While the legislature is nonpartisan, Coash said he was counting on support from members of the the Christian conservative wing of their party to vote their conscience to override the veto and abolish the death penalty.

"We're a very pro-life state," Coash said. "I consider myself pro-life, and I've always struggled with taking the life from anybody."

And outside of Nebraska, some conservatives are making a third political argument for abolishing the death penalty: It's too lenient of a punishment.

Montana state Rep. David Moore (R) championed a bill to a replace it with life in prison without parole.

“To me, personally, I couldn't imagine a worse fate than being locked up in prison for the rest of my life,” he said, according to the Huffington Post and Montana Television Network.

His proposal was defeated this year on  a 50-50 vote.

And larger public opinion in America is indeed moving away from the death penalty.  A Washington Post-ABC News poll in June 2014 found 60 percent of Americans favor the death penalty for people convicted of murder.

But conservatives pushing to abolish it could have a tough sell among their own. That same poll found about eight in 10 Republicans -- 79 percent -- favor the death penalty for people convicted of murder.

Republicans do seem increasingly amenable to a larger conversation on criminal justice reform, an issue traditionally owned by Democrats.
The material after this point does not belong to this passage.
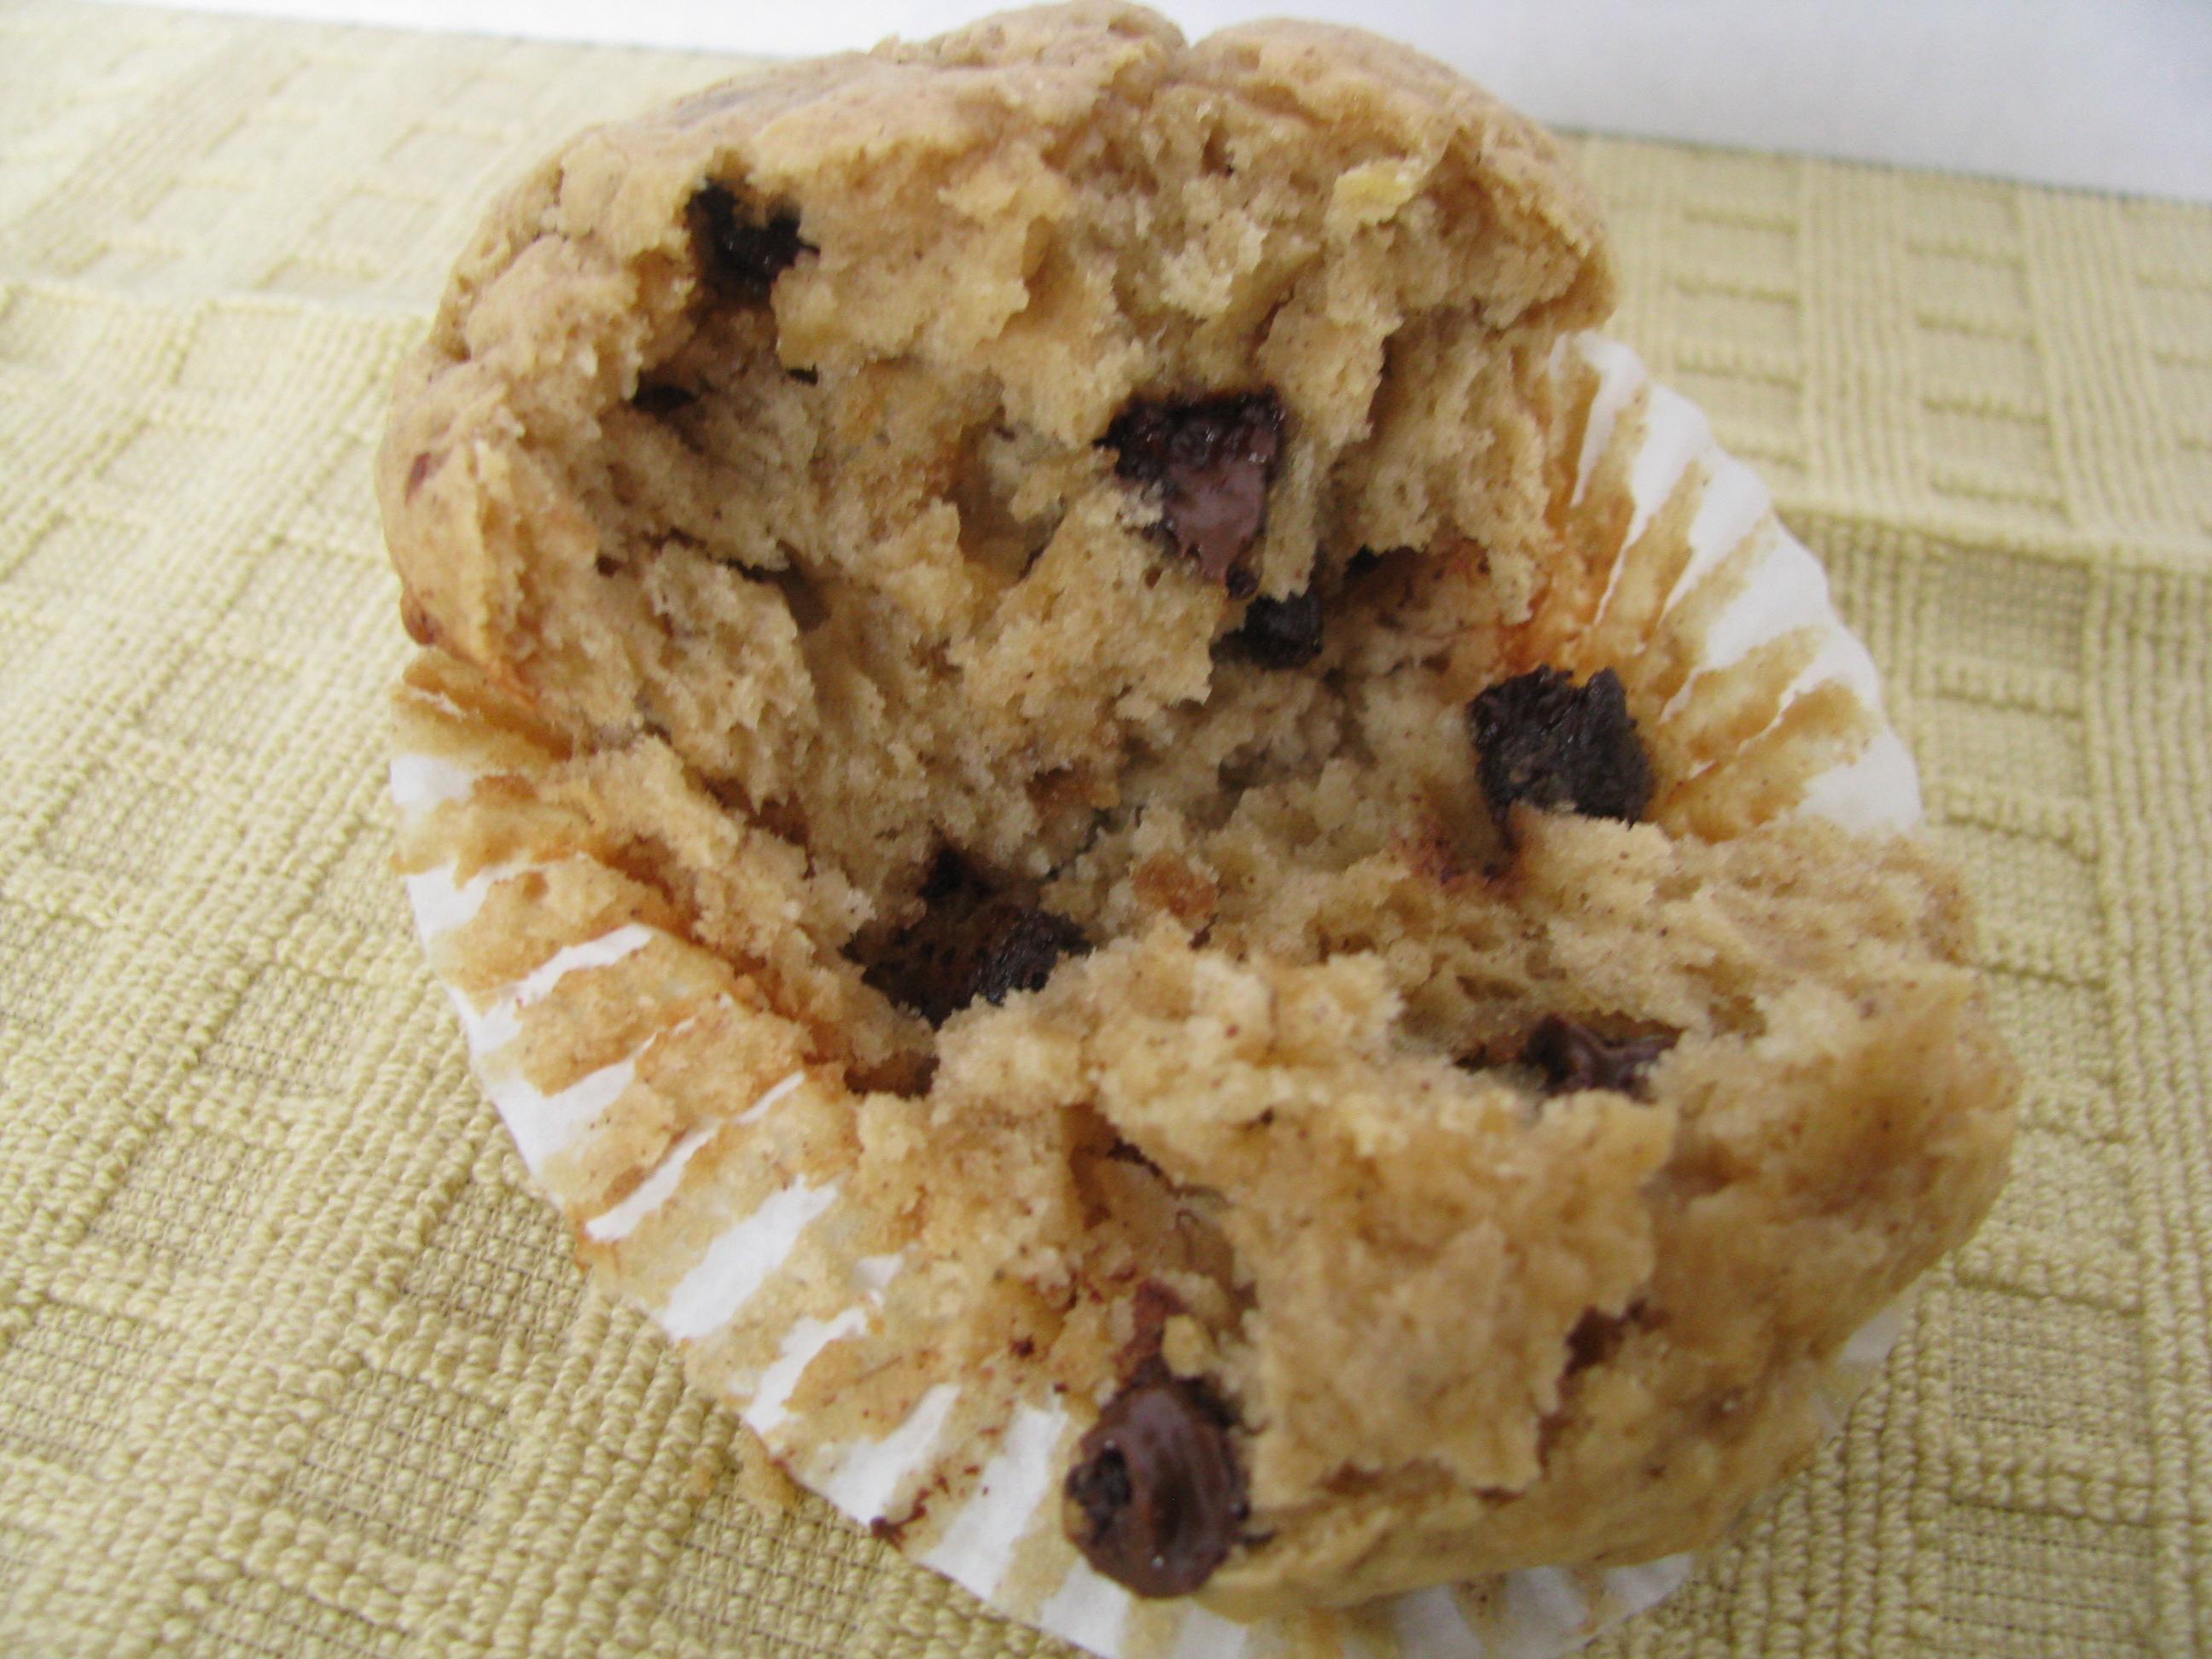 peanut butter banana chocolate chip muffins yields 18 muffins

Alabama's Republican governor is calling for a $541 million tax package in part to offset overstuffed prisons, for instance. States like South Carolina and Georgia have also passed their own justice reform packages changing who gets sent to prison and for how long.

"When states in the Deep South, which have long had some of the country’s harshest penal systems, make significant sentencing and prison reforms, you know something has changed," The New York Times' editorial board wrote Monday.

But it's not clear yet if, in voting to abolish the death penalty, Nebraska Republicans are the start of a trend or just an anomaly.

Thirty-two states still have the death penalty on the books, though many are putting a moratorium on it while a divided Supreme Court considers whether certain drugs used in a gruesome, botched Oklahoma lethal injection last year represent cruel and unusual punishment. Nebraska could become the 19th state, including the District of Columbia, to abolish it.


A year ago, The Fix's Jamie Fuller pointed out that residents in the Texas town where all of the state's executions take place called death row "business as usual."

The number of states still carrying out the death penalty may be shrinking, and many Americans are questioning the morality — and the expense — of the system. In the places where the death penalty is "business as usual," the politics are far more complex and entrenched.

So, can conservatives opposed to the death penalty bring more people to their side? Nebraska is certainly a notable shift in the winds. But it's not clear whether other states will follow suit.